Diversos estudos têm demonstrado a importância da formação dos prestadores de cuidados no domínio da Educação de Infância, especificamente de crianças mais novas. Arnett (1989), num estudo no qual participaram 59 prestadores de cuidados, verificou que os adultos que tinham completado uma formação de quatro anos em Educação de Infância eram mais competentes no seu trabalho do que os adultos que tinham substancialmente menos formação ou que não tinham qualquer formação na área. Além disso, os prestadores com alguma formação, ainda que muito básica, eram menos autoritários e mais positivos e menos distantes na sua relação com as crianças, do que os que não tinham qualquer formação. Educação, formação e cuidados estão interligados (Portugal, 1998a), exigindo que os educadores tenham conhecimentos acerca do desenvolvimento e dos comportamentos da criança com menos de 3 anos de idade, sejam capazes de compreender e reflectir acerca das diferentes necessidades de cada criança e sejam capazes de promover a exploração, as actividades de aprendizagem e a imaginação da criança. Também a OCDE (2001) reforça a importância de se promover a adequada formação (inicial e contínua) dos profissionais que trabalham em instituições de educação de infância, considerando que há lacunas comuns a vários países, nomeadamente nas áreas: trabalho com os pais, trabalho com bebés e crianças com menos de 3 anos de idade, educação especial e bilingue/multicultural, investigação e avaliação. A OCDE verificou que em alguns países, entre os quais Portugal, a divisão que na prática se estabelece entre cuidados e educação tem consequências ao nível da formação dos profissionais, bem como nos salários e nas condições de

Capítulo II

62

trabalho. Nas instituições ligadas à Segurança Social, os profissionais têm níveis inferiores de educação formal, menos especialização na área de educação de infância e piores condições de trabalho do que os profissionais que trabalham integrados no sistema educativo. Quando todos os serviços se encontram sob a responsabilidade do mesmo Ministério, geralmente a qualificação do pessoal que trabalha com todas as crianças, do nascimento aos 6 anos de idade, é superior (OCDE, 2001).

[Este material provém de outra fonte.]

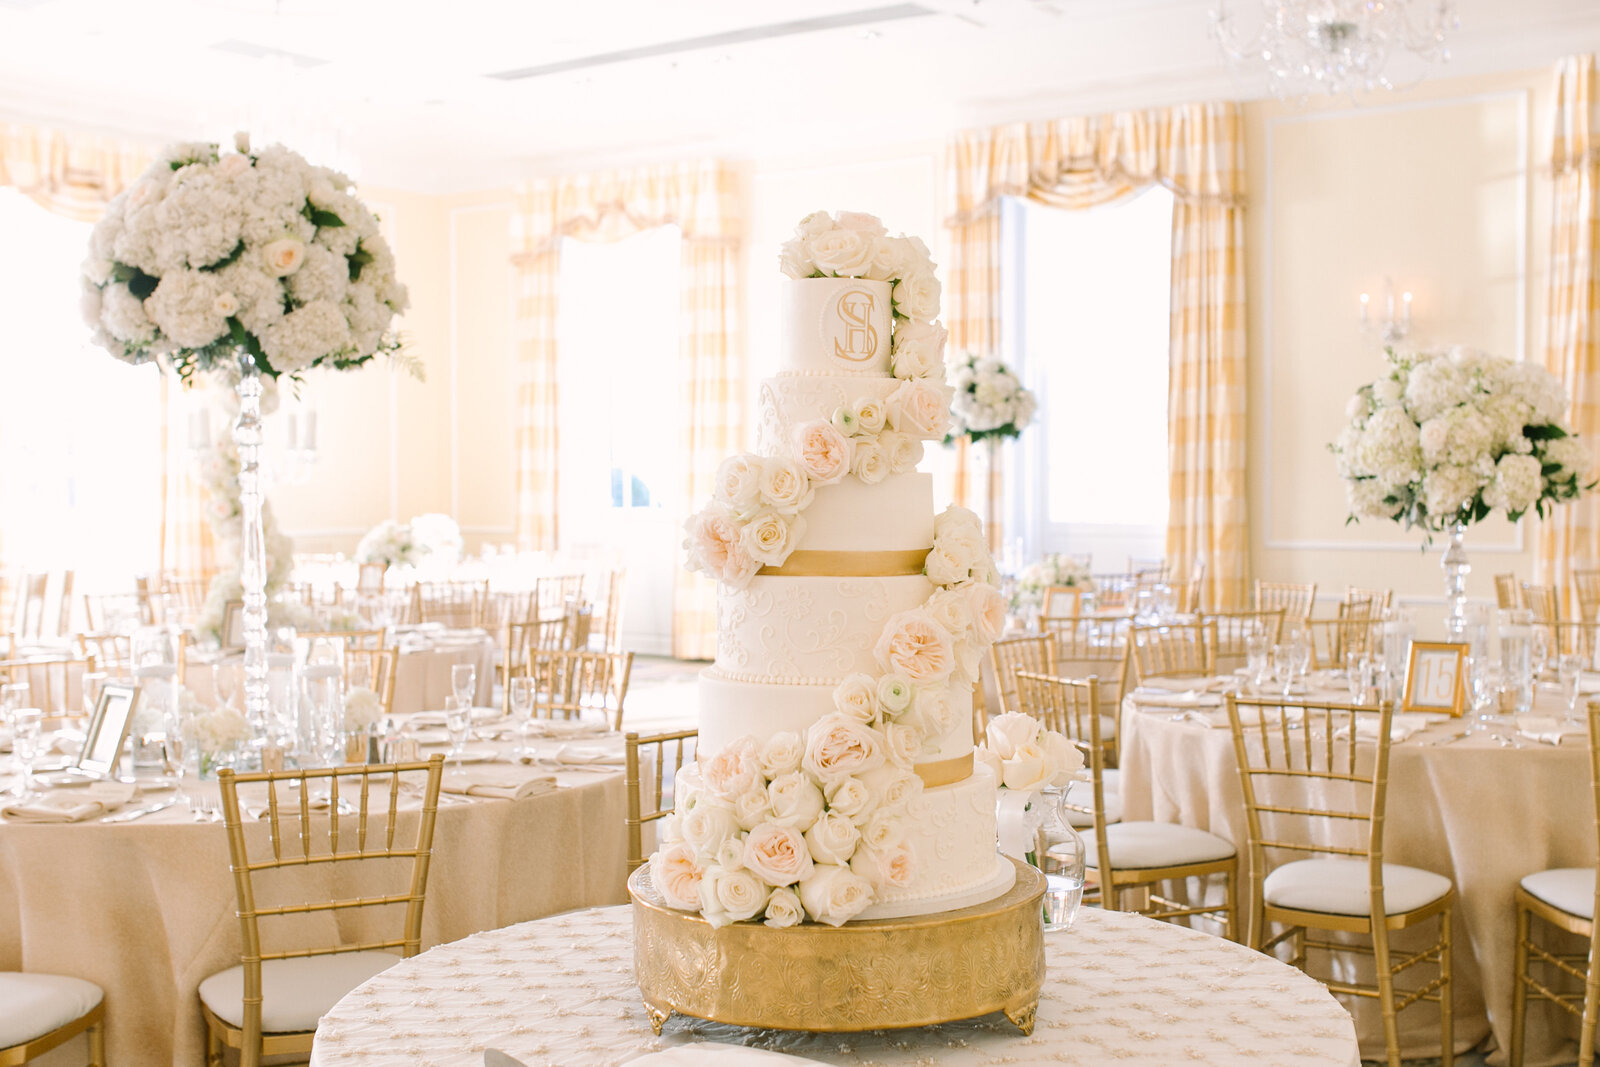 Glamorous-Wedding-Cake-Ashley-Cakes-7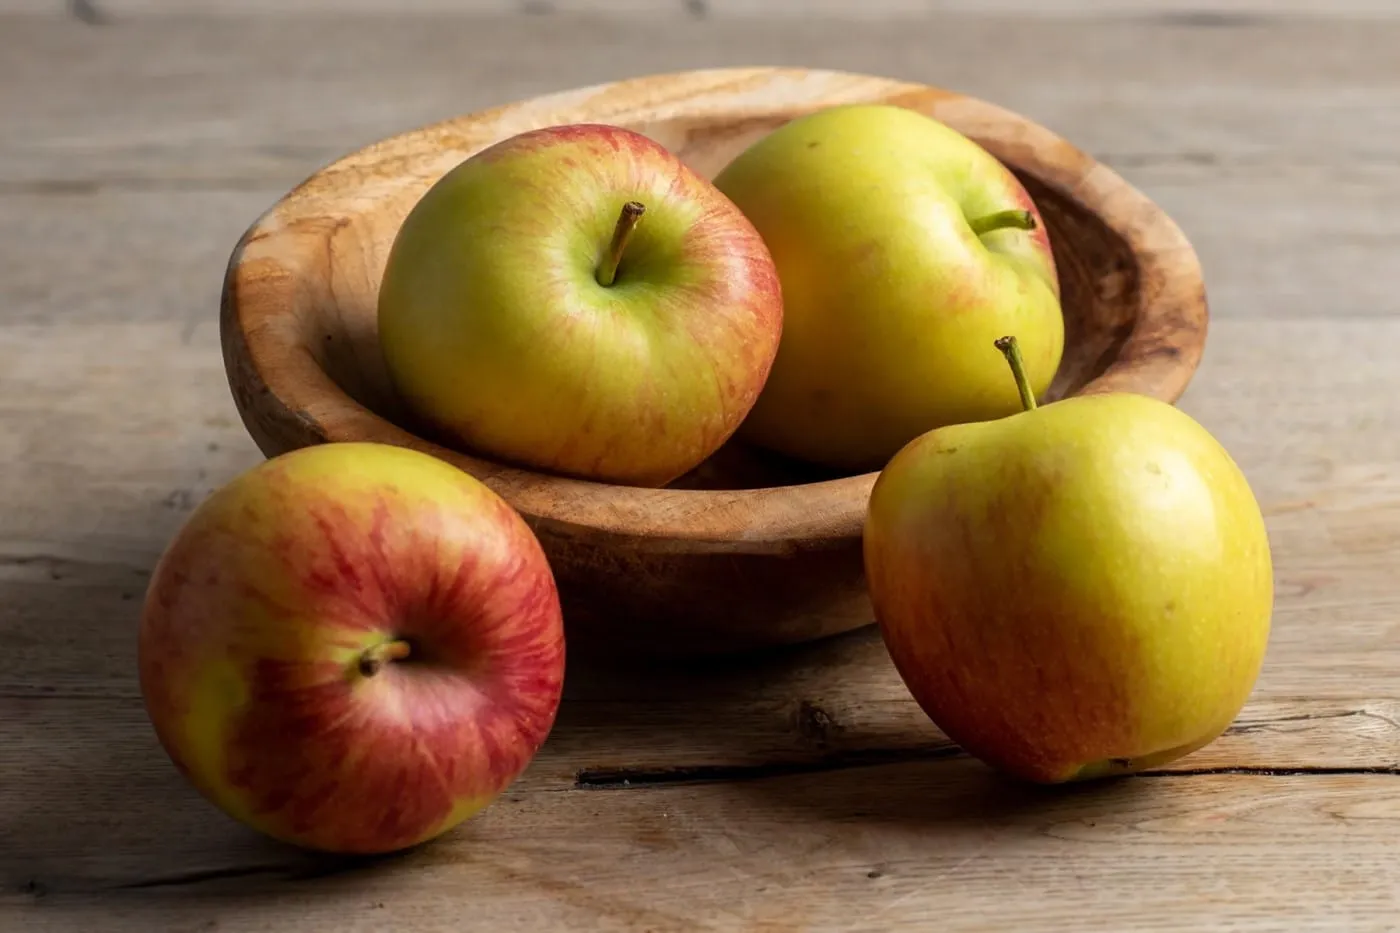 đau dạ dày nên ăn táo không

Jensen (1994) reforça a ideia da importância da formação dos profissionais, referindo que a principal razão para o sucesso dos serviços de educação e cuidados na Dinamarca é o nível de formação do pessoal. A formação dos profissionais de educação de infância coloca uma grande ênfase no desenvolvimento pessoal dos alunos, encoraja o desenvolvimento de competências culturais e inclui períodos extensos de prática. Outros autores, como Jalongo et al. (2004), definem mesmo as áreas de competência essenciais dos profissionais de educação de infância, incluindo: história e filosofia da educação de infância; crescimento, desenvolvimento e aprendizagem das crianças; saúde, segurança e nutrição; desenvolvimento e implementação do currículo; práticas adequadas de avaliação e gestão dos serviços; competências de colaboração e profissionalismo; e desempenho eficaz durante a prática supervisionada e estágio. Cochran e colaboradores (2000) referem que a visão tradicional de que todas as mulheres gostam de crianças e que todas têm uma habilidade natural para prestarem bons cuidados é um mito, acrescentando que “muitas mulheres e muitos homens que gostam de crianças não têm a paciência ou as competências para serem bons educadores de infância e bons prestadores de cuidados” (Cochran et al., 2000, p. 1).